窑洞瞬间带亮了起来,门窗通风,空气也流动的挺好,家具应有尽有,虽说是西房,但我觉得这土窑洞子要比隔壁的上房高大上的多。
我一时好奇,就在里面多待了会,其他人都早已出去了,就我和这棺材留在了里面。毕竟打小没见过土窑洞,更别说住了,所以一时兴起,就逗留了一会,把这土洞子的前前后后瞧了个遍。
“谁”
这些天,我的神经系统被磨炼的十分敏感,即使再小的动静,我都能第一时间听见,我正看的起劲,背后只听轰隆的一声,像是什么东西被掀翻打出来的声儿,我猛地回头忙问是谁,却半天再没听到声儿,唯独我肚子里的那个小心脏噗通噗通的快跳着。

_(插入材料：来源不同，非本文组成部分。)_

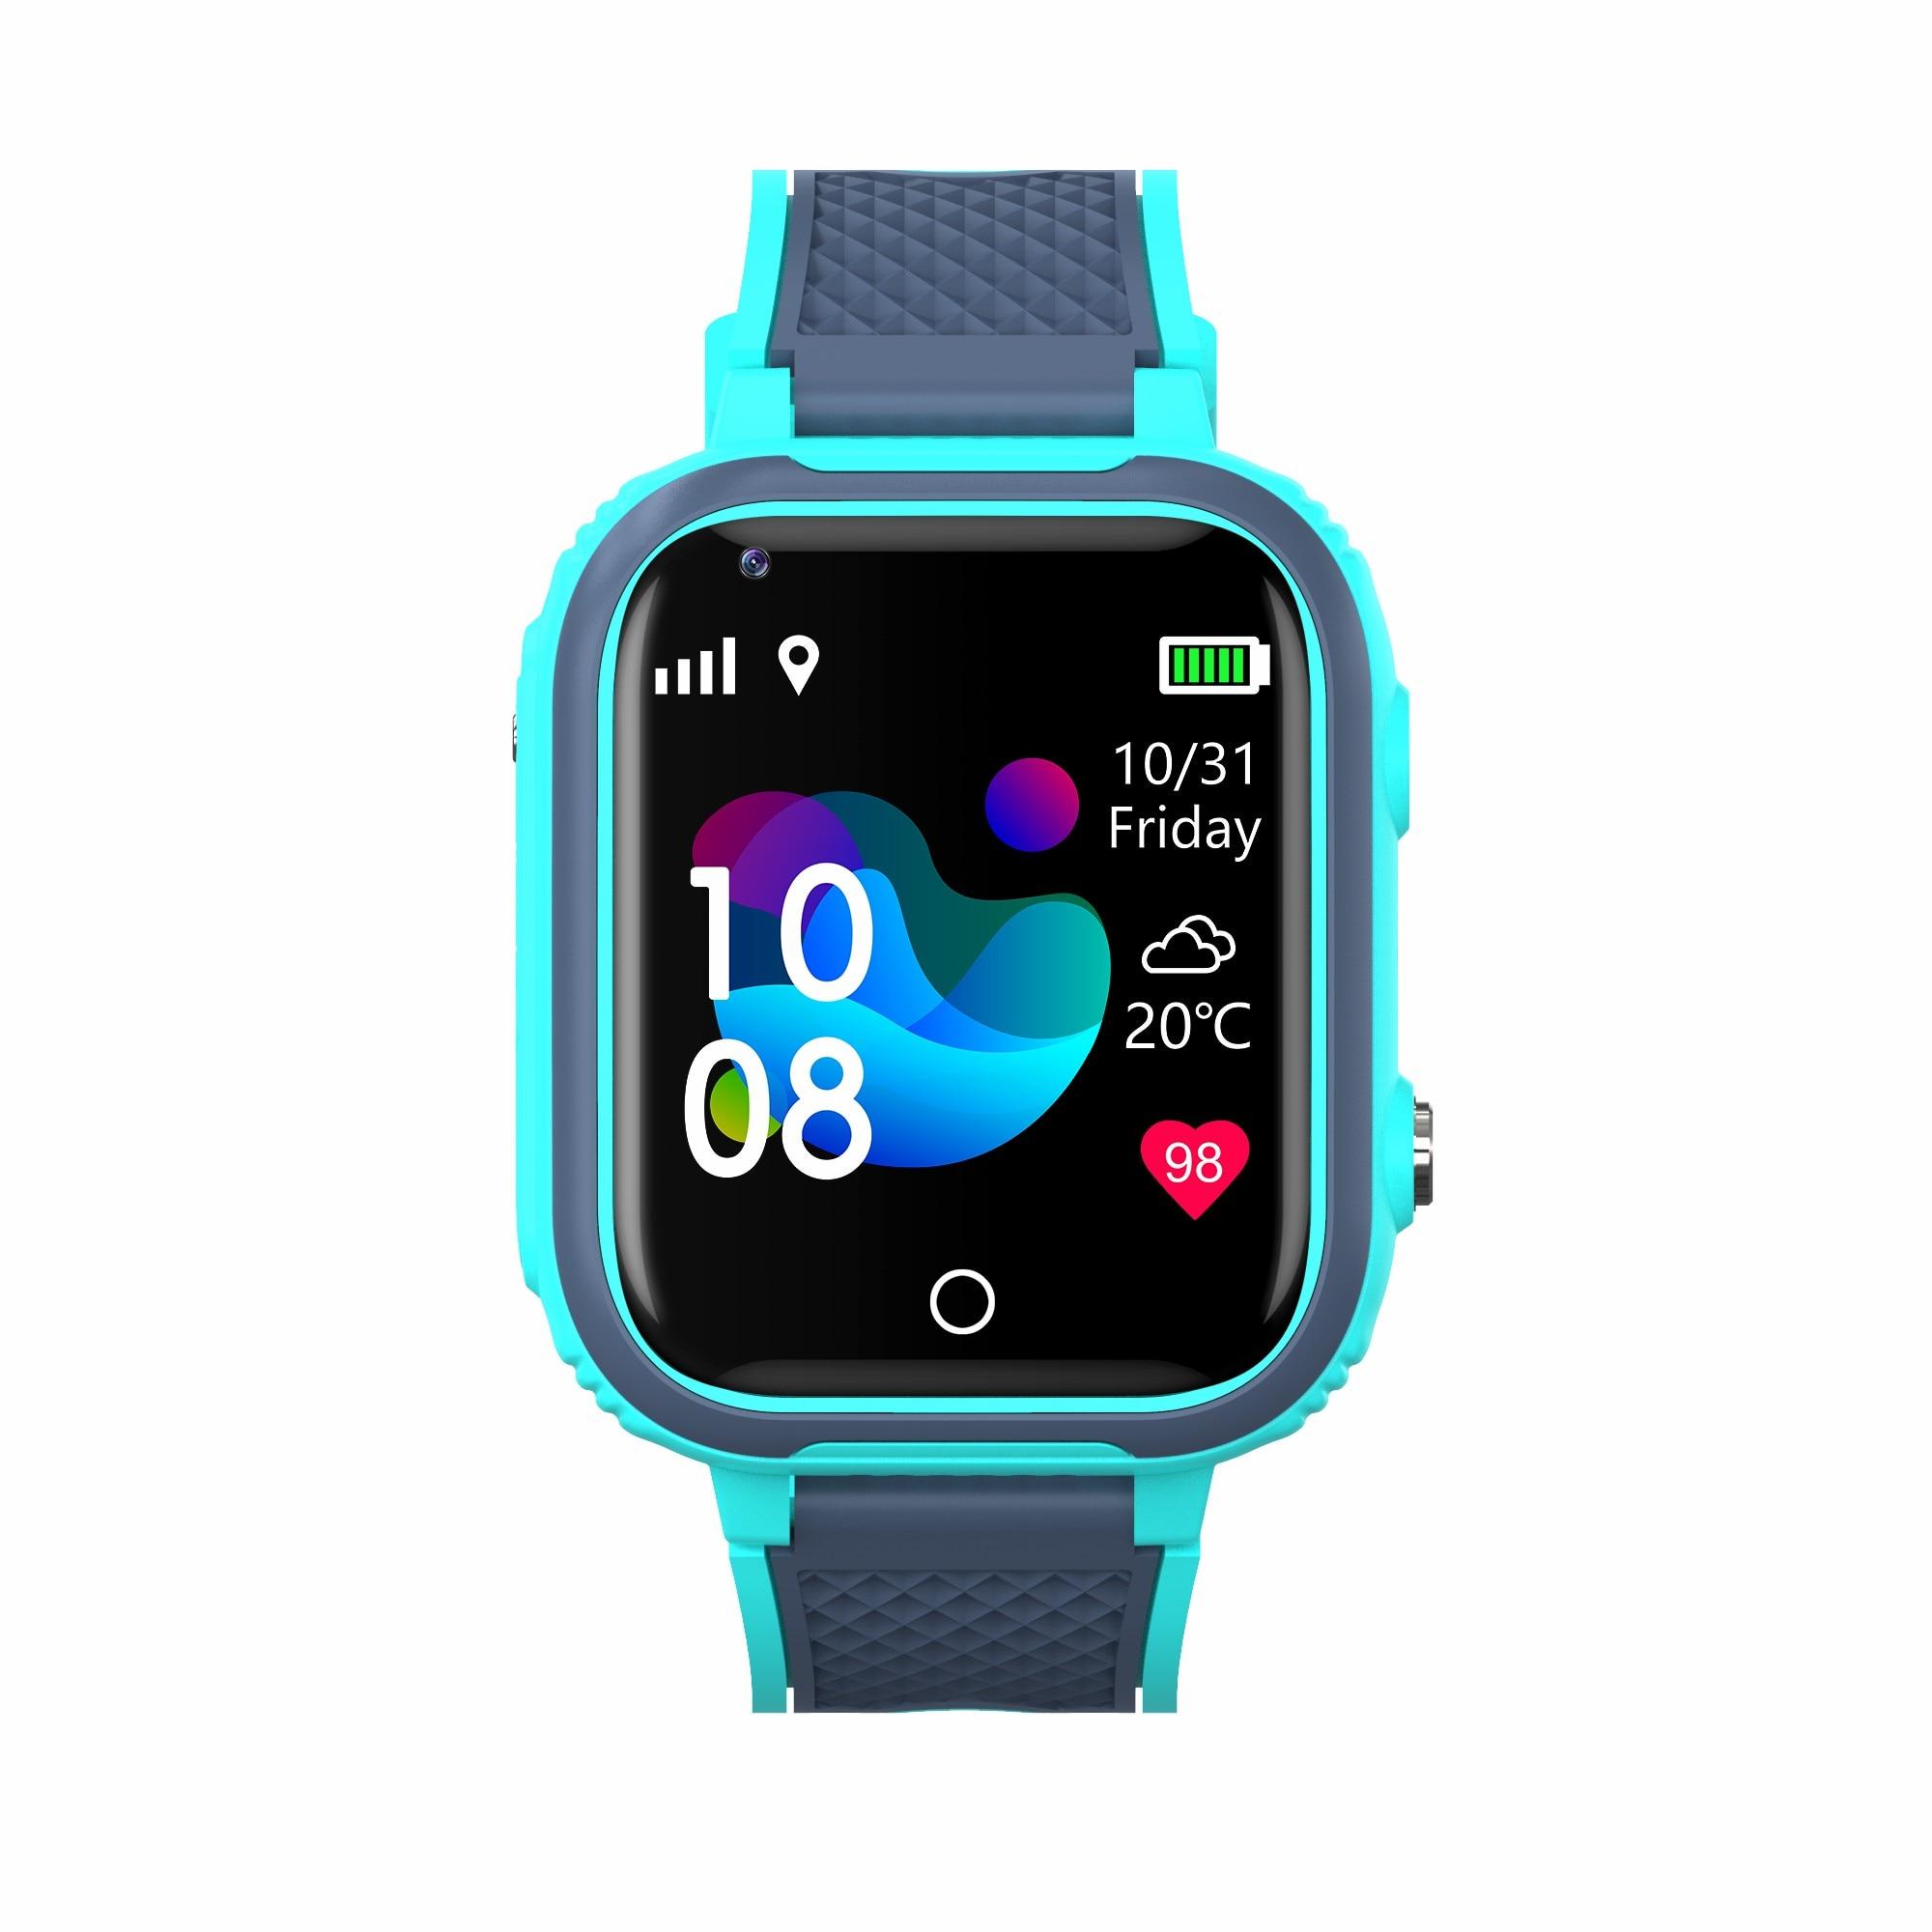 H4c1d620090394c7f90ad4696ee09a8c3W LT21 4G Smart Watch Kids GPS WIFI Video Call SOS IP67 Waterproof Child Smartwatch Camera Monitor Tracker Location Phone Watch

而当我再回头的时候,柜台上的一张白照片瞬间进了我的眼,顿时觉得那张照片能散发出让人惧痛的气息,直刺着我的双眼,那个白的人我认识。
是她就是那晚被我拉回屋子的妇人
虽然那晚我只见到了她的半张脸,但眼角的那颗痣却十分的明显,再看整体轮廓,我敢肯定这照片里的人就是那晚我见到的那妇人,伸头喝水,诡异的笑容,流血的白骨,这些几乎就要忘记的东西又再一次冲击着我的大脑。
我正思绪万千,背后的门竟咯吱的一声被推了开来,这一声响,让我瞬间回神,哆嗦之余连连向后退了几步,后背用力的碰到了那个柜子。
“噗嗒”
那张白照片连同相框被我碰翻,扣在了柜台上。
“小伙子,出来吃饭了”。
门口进来的不是别人,正是男主人,他慢悠悠地走了过来,说是饭熟了,让我出去吃,然后见
017:窑洞遗照(2/6)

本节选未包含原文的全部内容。